Bubbles ballooned and burst, the mortgage crisis hit here, and some folks survived the changes while others didn't; these are simply the wages of our system. Yet with this never-ending wave of tech workers who wish to reside in the urban space rather than in suburban Silicon Valley, its cities traditionally shunning affordable housing in favor of gleaming suburbia, we can unequivocally say that housing here is for the rich. If you are poor, you are expected to live outdoors -- that is, until you are evicted from that space too. Developers and the newly rich may buy units previously occupied by long-term tenants who've been evicted and live in them without reservation; they can snap up properties that have been foreclosed on -- often properties inherited by native-born sons and daughters trying desperately to hold on to their generational heritage -- and flip 'em. Titleholders in good standing electively cash out behind irrefusable offers, which is certainly their right to do, while the housing crisis continues unabated. But at what cost? People's lives are lost from exposure to the elements; others lose their souls by refusing to assist.
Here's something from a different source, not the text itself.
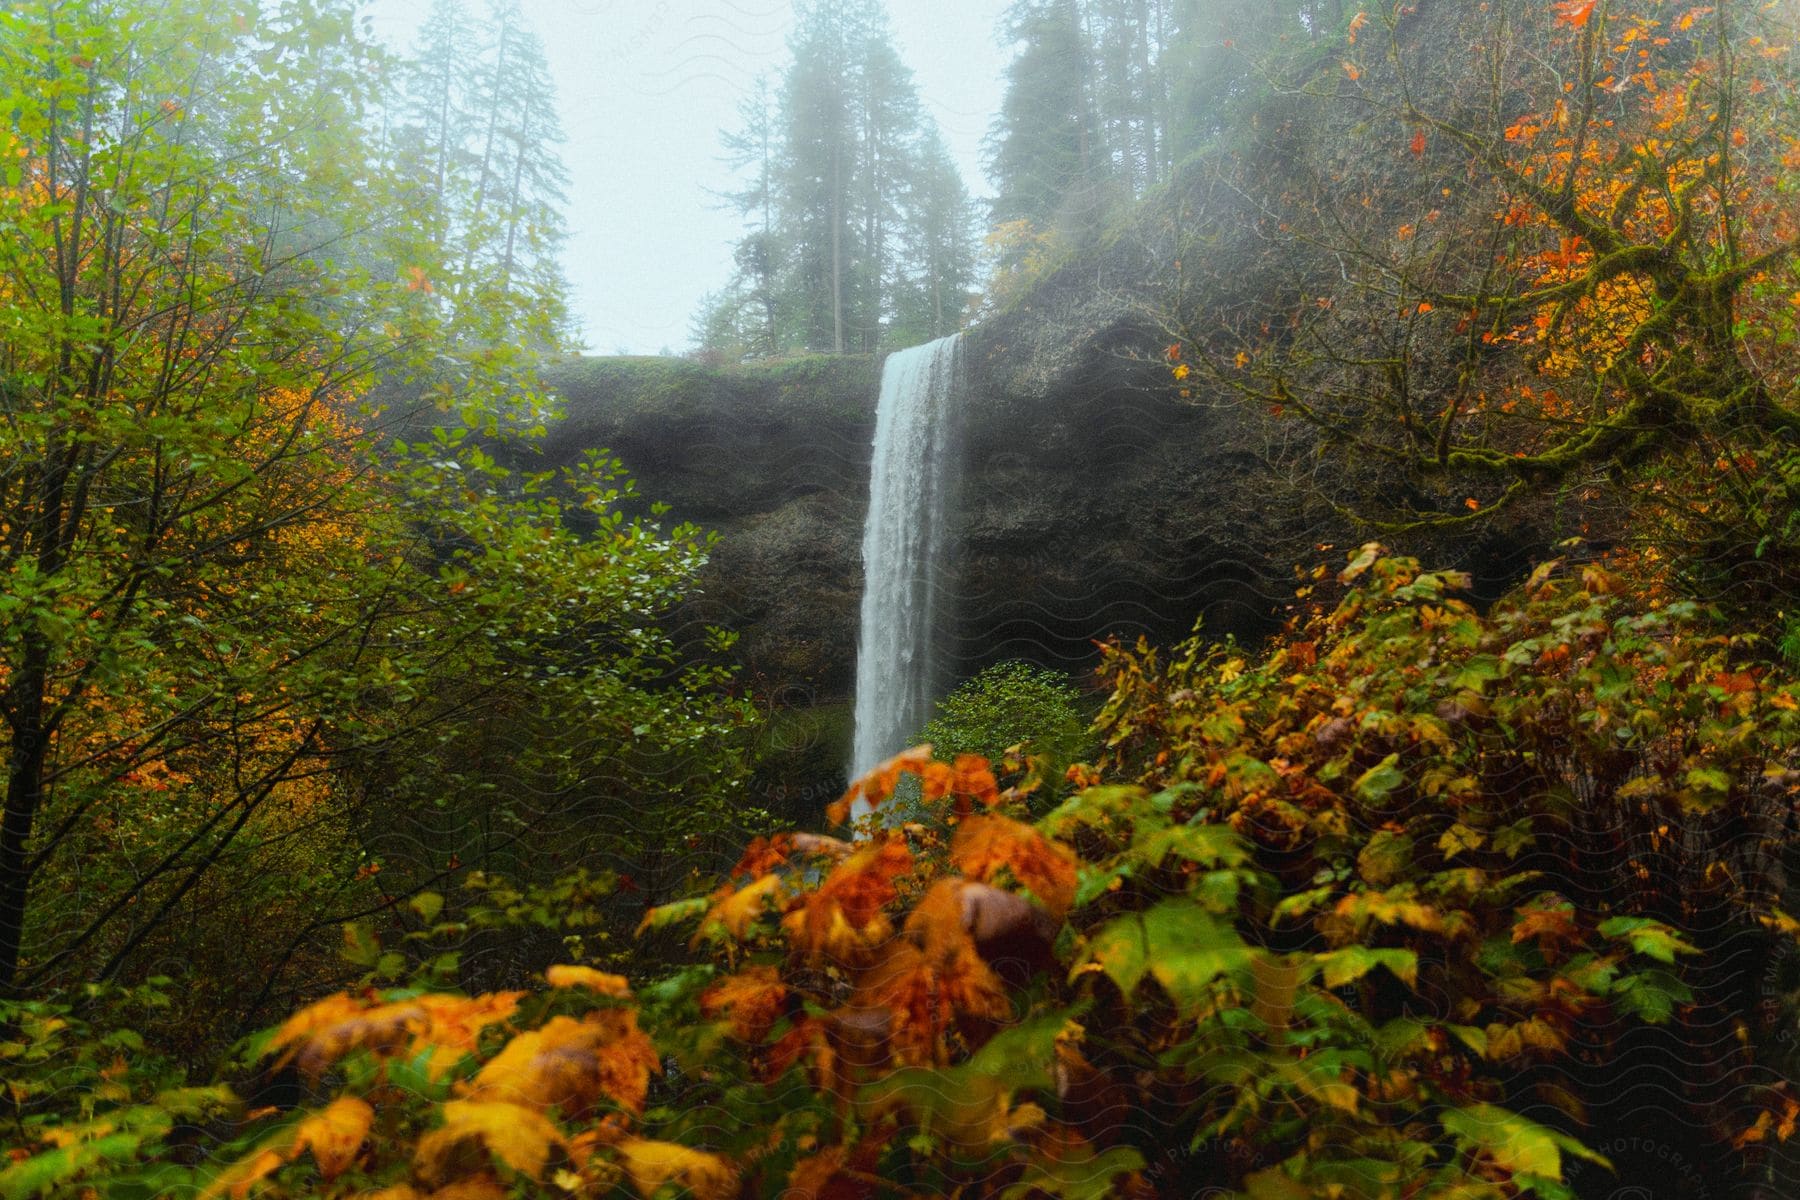 Waterfall flows down cliff topped with conifers into area surrounded by trees with autumn foliage.

At present there are approximately 1,300 shelter beds, which roughly translates into about 5,000 people on the streets and in the parks nightly here. Housing and programs supplemented by money from the surplus budget, billionaire philanthropists, and the collection of taxes and other means could fix this injustice. But there remains resistance by the new power brokers and tech barons to become part of the solution; it doesn't fit their agenda.
Thankfully, there is an increasing awareness of the Bay Area's shameful housing crisis, and it's starting to get national attention, which just may be a beginning toward assistance -- from elsewhere. We have not been shown evidence nor a plan for what or how the 30,000 new units proposed and promised by Mayor Ed Lee are going to manifest, though his office just announced the creation of 138 units thanks to HUD. Lee's plan also includes implementation of the problematic Laura's Law, building of 500 more units, specifically for the homeless community, plus a shelter for homeless LGBT persons. That's great, but when? Just last night 54 more people were displaced, six injured and one died following a fire at their apartment building, prime Mission real estate, allegedly not fitted with proper fire alarms. It will be interesting to watch how the city will assist the people impacted most by the loss of their homes and businesses, meaning those who are just one paycheck or one four-alarm fire away from homelessness.
Denise Sullivan is an arts and culture journalist, commentator, and third-generation San Franciscan. She is co-founder of United Booksellers of San Francisco, a coalition of independent bookstores organized to support and sustain literary life there, and author of several books.